İlişkide iletişim: “Beni hiç anlamadı” yerine, “Biz birbirimizi anlayabiliyoruz” diyebilmek

Çoğu zaman ne kadar önemli olduğunun farkına varamadığımız bir kavramdır “iletişim” veya iletişim kurabilmek becerimiz. Her ne kadar kelime olarak kendi içinde “bir diğer kişiyi” gerektirse de (tek başımıza iletişim olmayacağı için) aslında eylem anına döndüğümüzde kendimizi kendimizle baş başa buluveririz.

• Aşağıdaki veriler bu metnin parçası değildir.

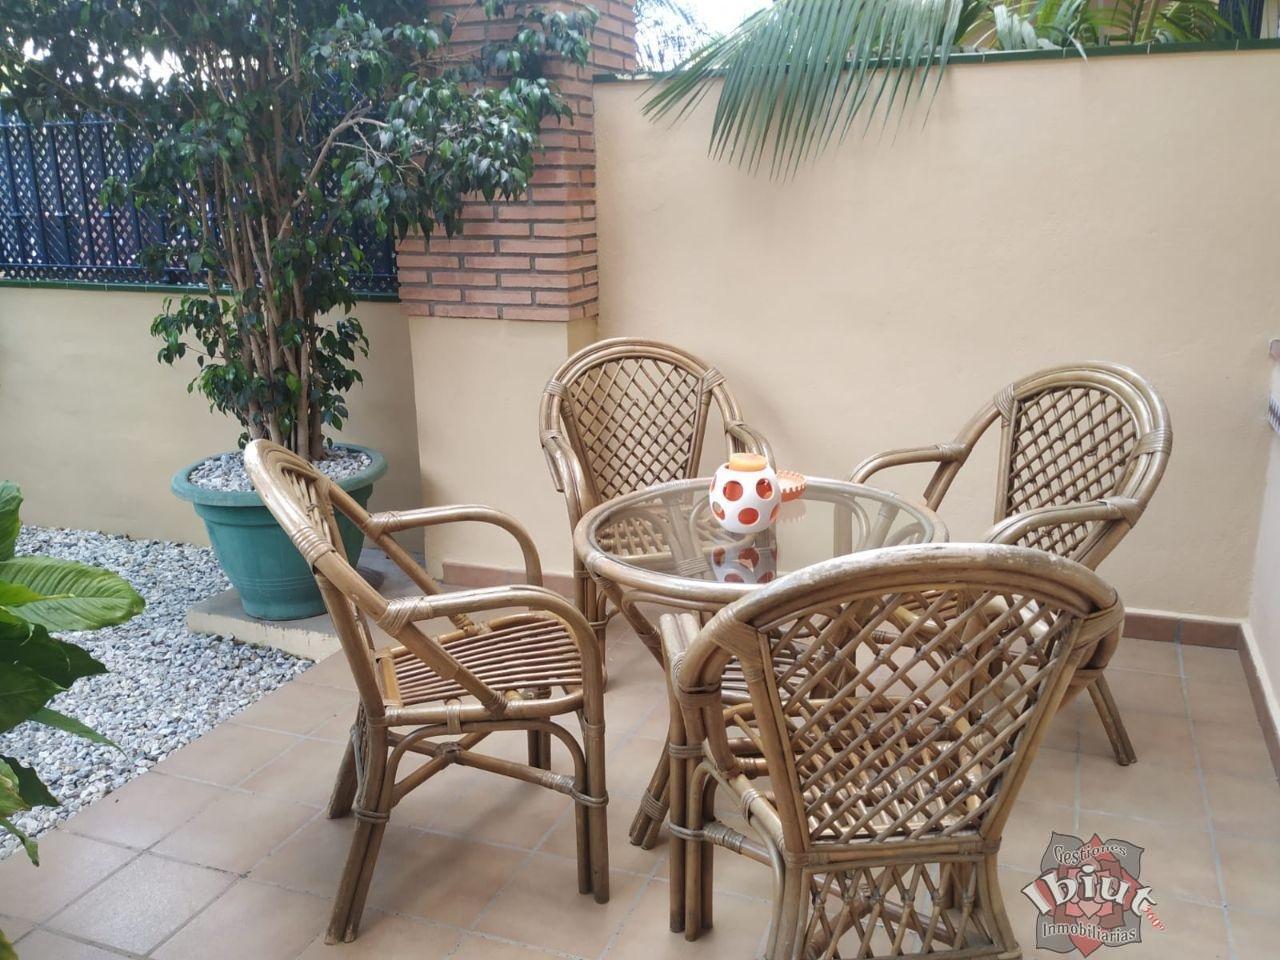 For rent of chalet in Caleta de Vélez

Ne biz onu anlayabiliyoruzdur ne de o bizim neye ve neden itiraz ettiğimizi…

Karşımızda sevdiğimiz insan vardır, eşimizdir, kaç yıldır birlikte olduğumuz, bizi en iyi tanıdığını düşündüğümüz bir kişidir fakat işte yine fikir ayrılığına düşmüşüzdür ve ne biz onu anlayabiliyoruzdur ne de o bizim neye ve neden itiraz ettiğimizi… Süreç daha da gerilimli bir akışa doğru da sürüklenebilir… Sürekli kavgalar başlar, normal ses tonuyla konuşamaz hale geliriz, bu bizi öyle etkiler ki bazen yüzünü bile görmek istemeyiz. Evet, itiraf edelim her ne kadar çok seviyor olursak olalım yüzünü bile görmeyi istemeyiz…

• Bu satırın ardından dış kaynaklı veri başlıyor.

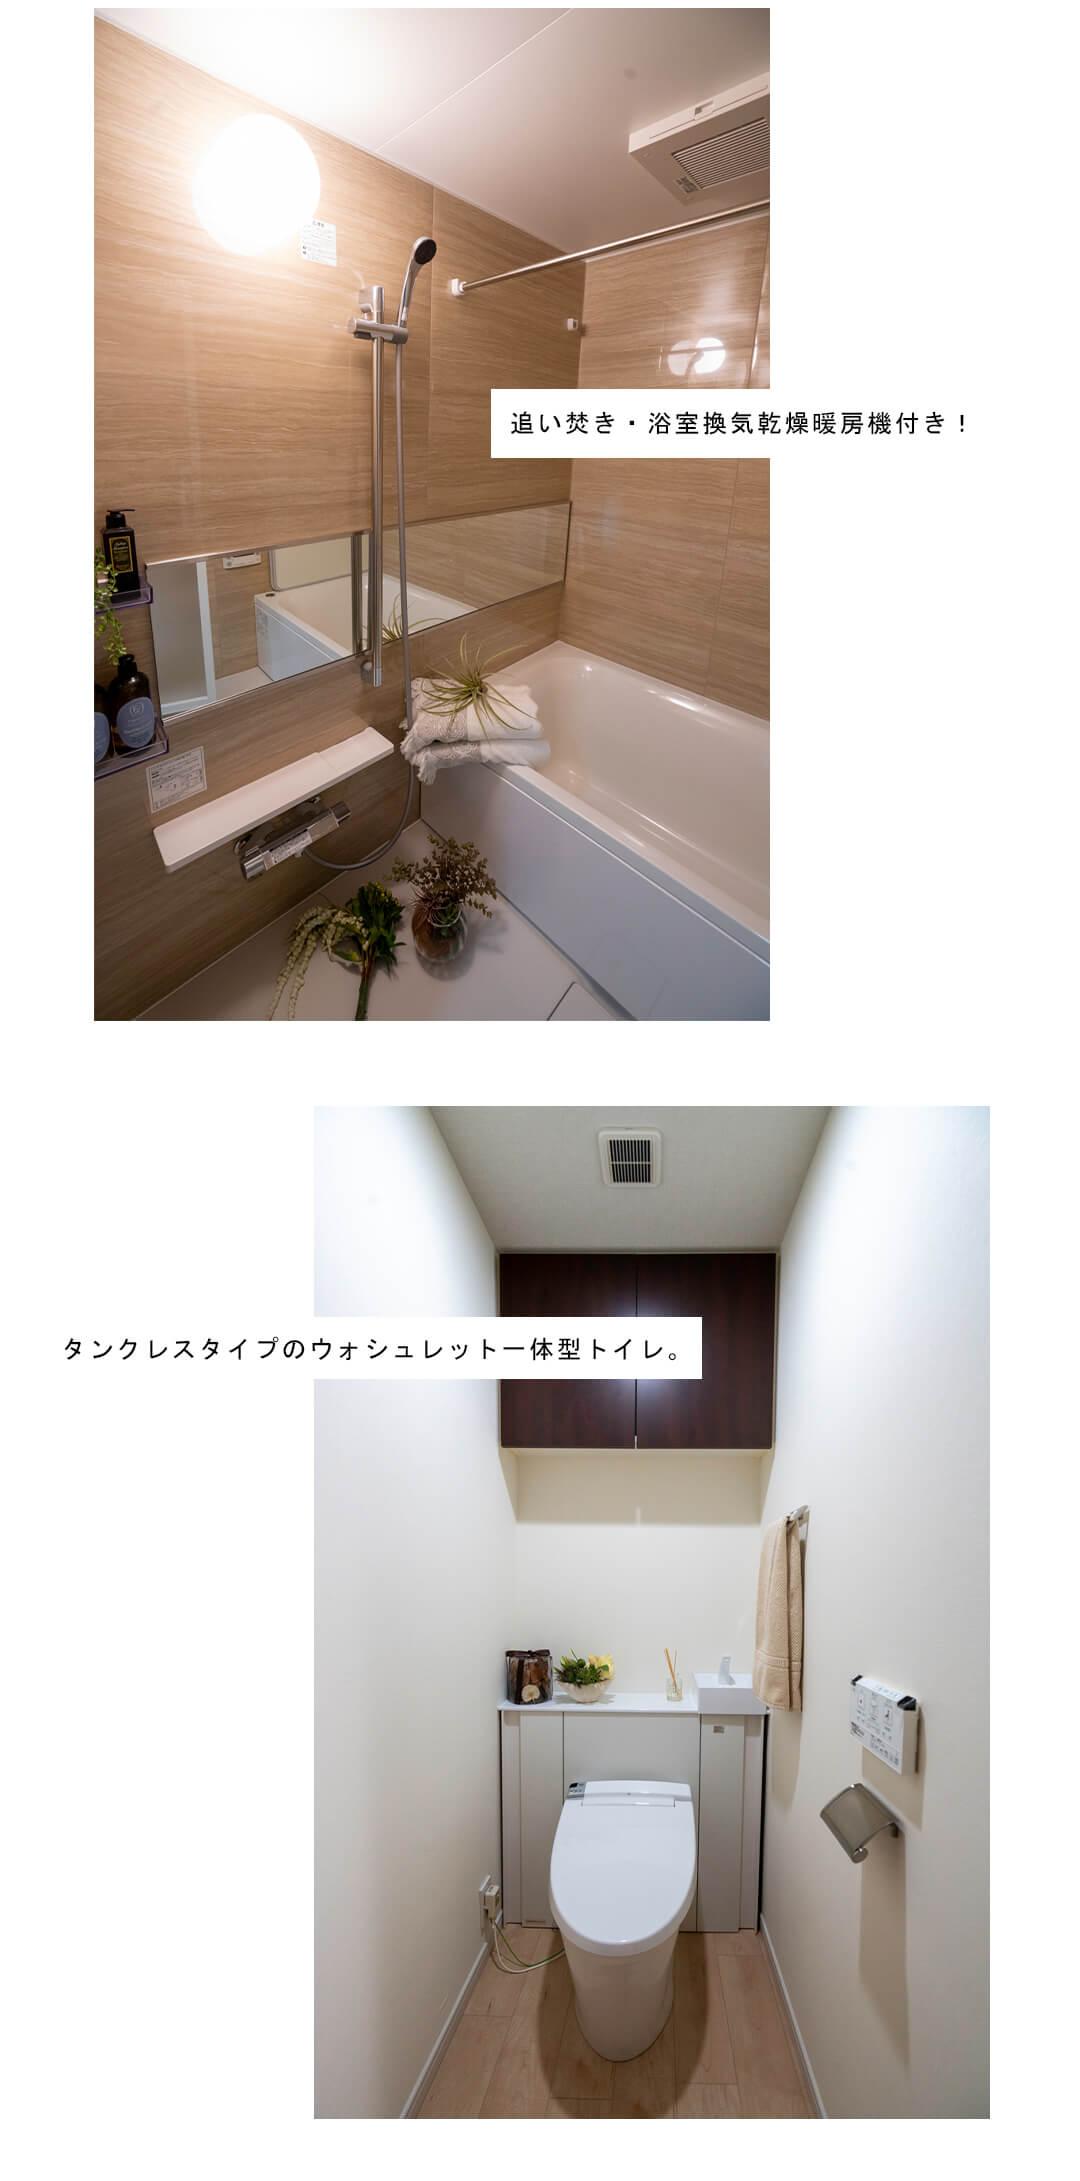 パークタワー芝浦ベイワードオーシャンウィングの浴室とトイレ

Ben bu yazımda sizlerle birlikte bu iletişim konusuna çok daha yakından bakalım istiyorum. Özellikle bizleri en çok incitebilen o en çok sevdiklerimiz cinsinden, yani ilişkideki iletişim tarzımıza daha yakından bakalım. İletişim konusu başlamadan yani daha sözlerimizi söylemeden aslında bazı şekillerde kendimizi anlatmaya başlarız. Ses tonumuz örneğin, aslında kelimeye dökmesek bile eşimiz itiraz ettiğimizin farkına varıverir. Ve ortamda bir anda “söyledin”, “söylemedin”, “ima ettin, ne demek istedin?” gibi ortada bile olmayan bir iletişimsizlikle kasıp kavurulur…

Sağlıklı bir iletişim için neye ihtiyaç var?

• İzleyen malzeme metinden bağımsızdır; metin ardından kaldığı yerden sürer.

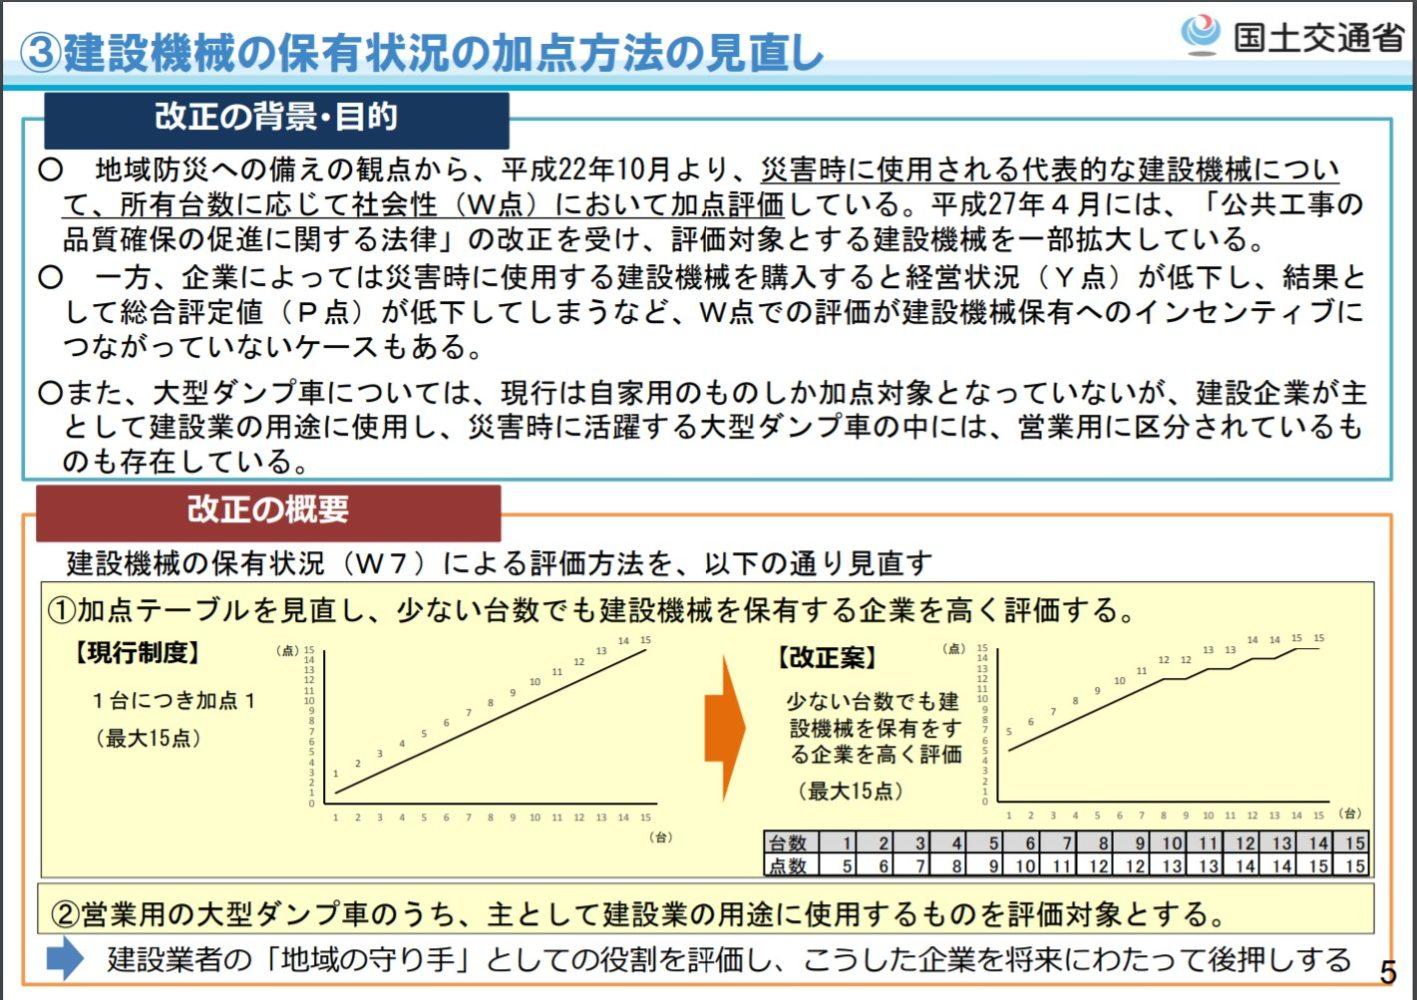 経審改正3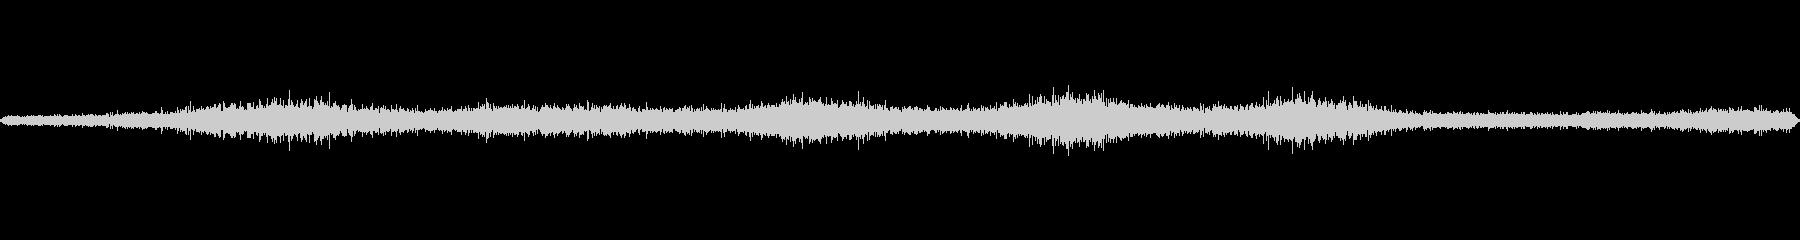 大通りの環境音の未再生の波形

Peki bu iletişimsizlik durumunun sebebi nedir? Hangi akış “Biz buraya bu noktaya nasıl geldik?” diye sormamıza sebep olmuştur? Öncelikle bu sürecin “ben” ile yönetildiğinin farkına varmamız gerekir. İletişim esnasında karşınızdaki kişinin ne yaptığını, ne söyleyeceğini, neyi, nasıl anlatması gerektiğini biz kontrol edemeyiz. Ama bunu yapış şekli, örneğin kaba bir şekilde söylediyse bizi ne söylediğinden çok nasıl söylediğine verdiğimiz tepki ile odaklar. Bu durumda, aslında iletişimin ana öğesi olan “neyin ifade edildiğine” değil de, nasıla odaklanırız. Moralimiz bozulur, hemen itiraz ederiz, sen benimle nasıl böyle konuşursunla söze başlarız. Aslında iletişim burada kopmuştur bile… Artık tek kişilik bir akışa girmişizdir bile. Karşımızdaki ne derse desin, ne söylerse söylesin “kaldığımız” yerden çıkamayız. Konuşma o noktada bitmiştir bile…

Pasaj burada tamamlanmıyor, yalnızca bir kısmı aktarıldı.